In computer security, it comes out as cryptic announcments to “protect this port from this type of traffic until you apply this patch”… and it almost never works for long. The mere fact that you’re talking about some specific subject is enough to get people interested and make them figure out the offensive side. It can work for a couple of weeks for a security bug announcement, but beyond that it will almost always just backfire by drawing attention. And it’s very rare to be able to improve a defense without understanding the actual threat.
Edited the next day in an attempt to fix the footnotes… paragraphs after the first in each footnote were being left in the main flow.
As for keeping secrets from any major government…
.
First, I still prefer to talk about the Chinese government. The US government seems less likely to be a player here. Probably the most important reason is that most parts of the US government apparatus see things like AI development as a job for “industry”, which they tend to believe should be a very clearly separate sphere from “government”. That’s kind of different from the Chinese attitude, and it matters. Another reason is that the US government tends to have certain legal constraints and certain scruples that limit their effectiveness in penetrating secrecy.
.
I threw the US in as a reminder that China is far from the only issue, and I chose them because they used to be more interesting back during the cold war, and perhaps could be again if they got worried enough about “national security”.
.
But if any government, including the US, decides that MIRI has a lot of important “national security” information, and decides to look hard at them, then, yes, MIRI will largely fail to keep secrets. They may not fail completely. They may be able to keep some things off the radar, for a while. But that’s less likely for the most important things, and it will get harder the more people they convince that they may have information that’s worth looking at. Which they need to do.
.
They’ll probably even have information leaking into institutions that aren’t actively spying on them, and aren’t governments, either.
.
But that all that just leaves them where they started anyway. If there were no cost to it, it wouldn’t be a problem.
You can also get independent discoveries creating new, unpredictable starting points for diffusion. Often independent discoveries get easier as time goes on and the general “background” information improves. If you thought of something, even something really new, that can be a signal that conditions are making it easier for the next person to think of the same thing. I’ve seen security bugs with many independent discoveries.
.
Not to mention pathologies like one community thinking something is a big secret, and then seeing it break out from some other, sometimes much larger community that has treated it as common knowledge for ages.

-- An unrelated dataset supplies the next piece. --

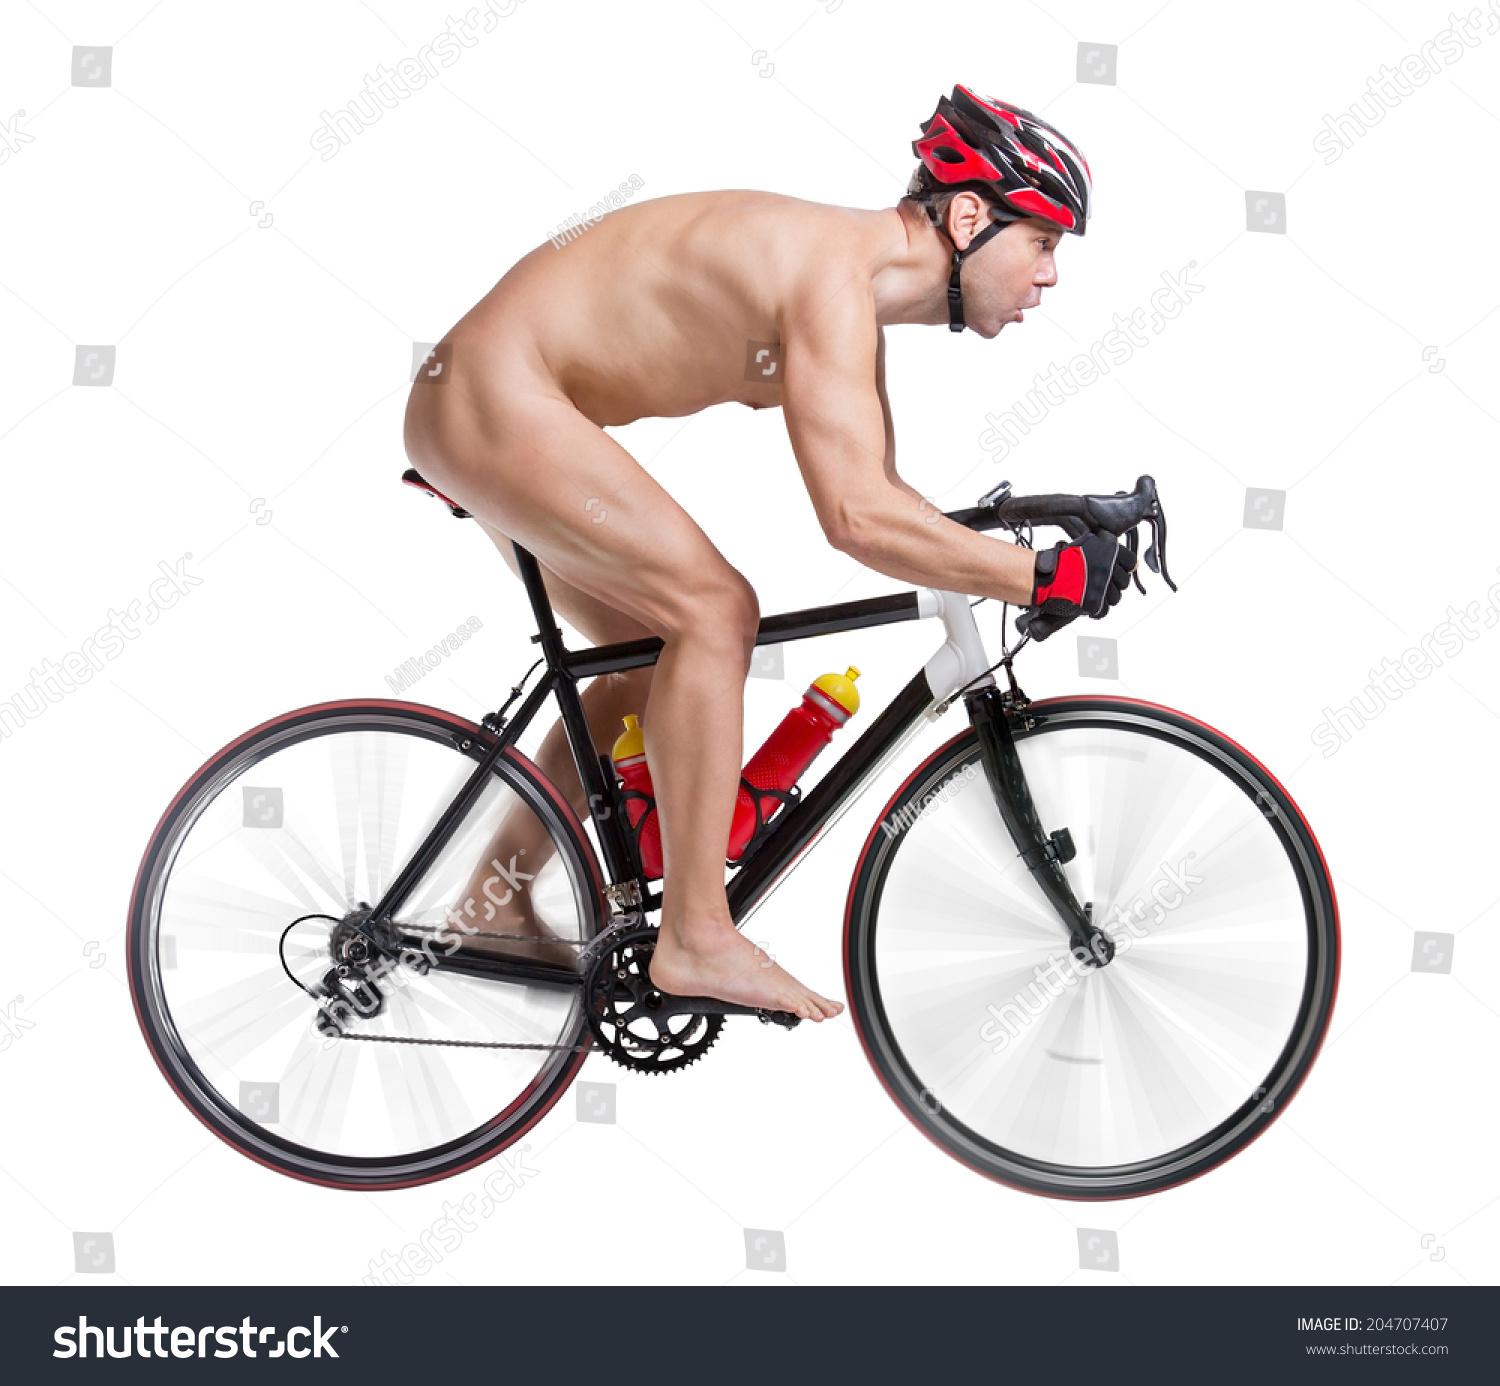 Naked Cyclist Stockfotos Bilder Und Fotografie Shutterstock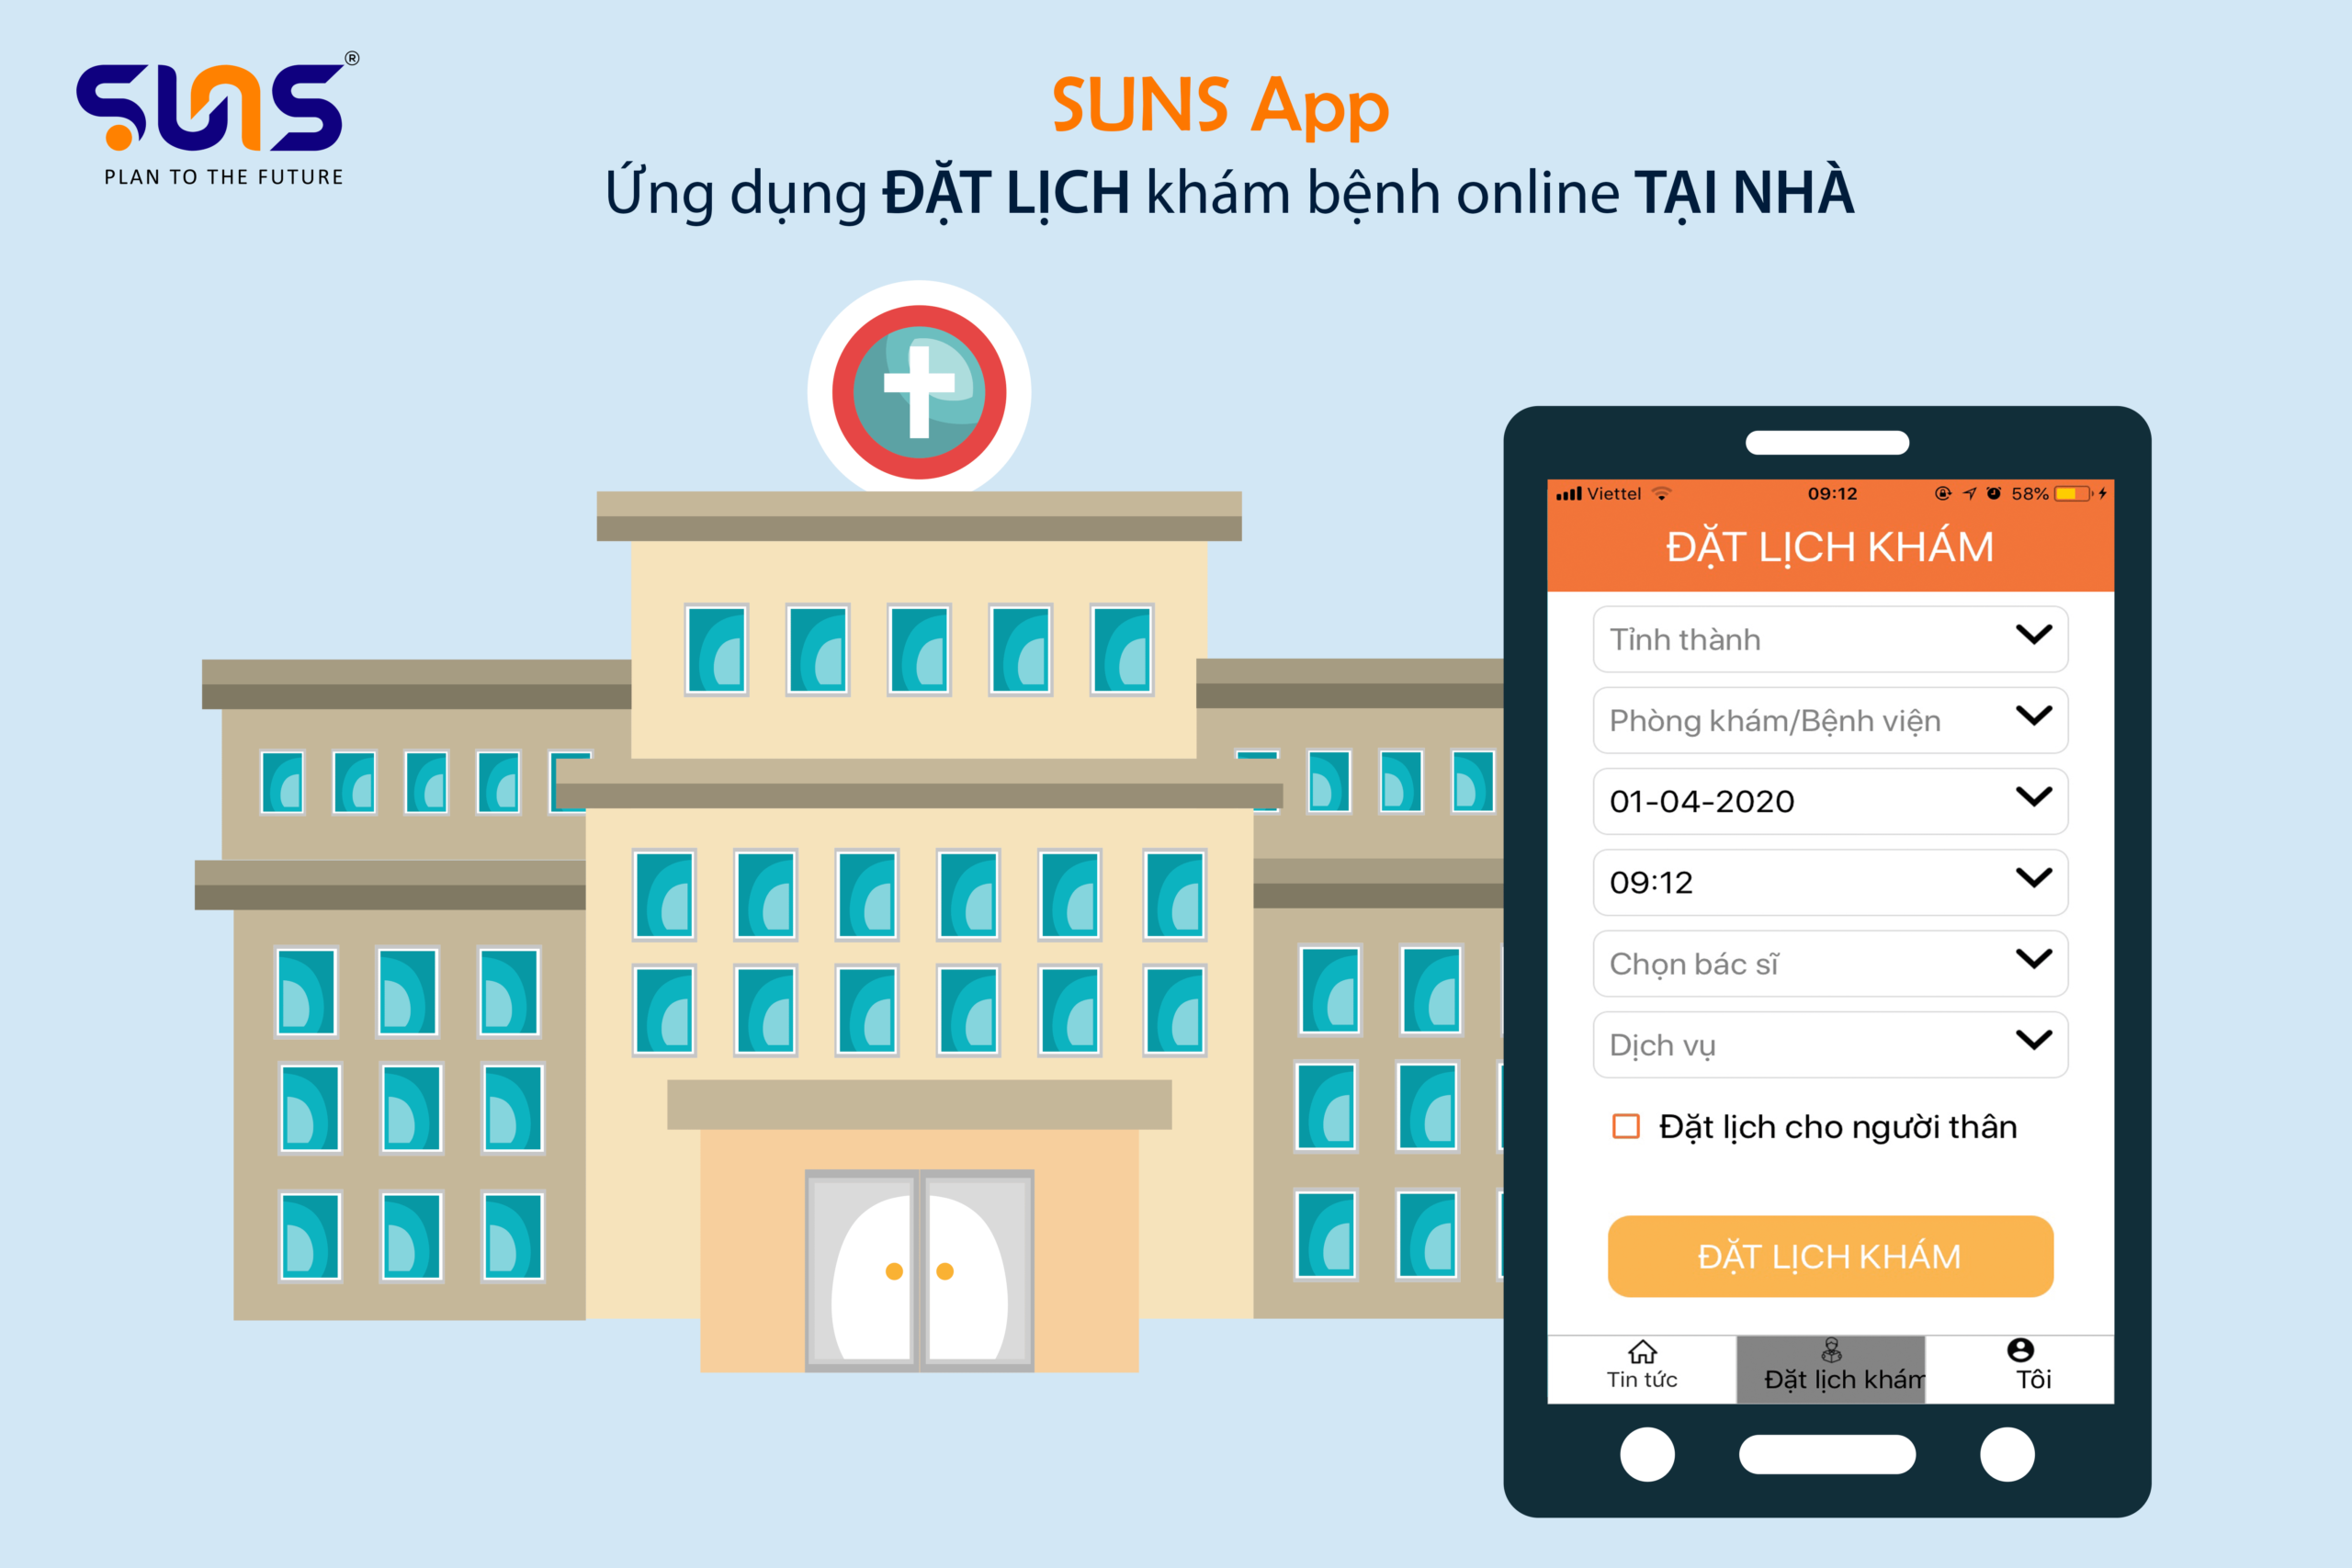 SUNS App - Ứng dụng đặt lịch khám bệnh online tại nhà

If you ever get to the point where mostly-unaffiliated individuals are having to make complicated decisions about what should be shared, or having to think hard about what they have and have not committed themselves not to share, you are 95 percent of the way to fully hosed.
.
That sort of thing kind of works for industrial NDAs, but the reason it works is that, regardless of what people have convinced themselves to believe, most industrial “secret sauce” is pretty boring, and the rest tends to be either so specific and detailed that it obviously covered by any NDA. AND you usually only care about relatively few competitors, most of whose employees don’t get paid enough to get sued. That’s very different from some really inobvious world-shaking insight that makes the difference between low-power “safe” AI and high-power “unsafe” AI.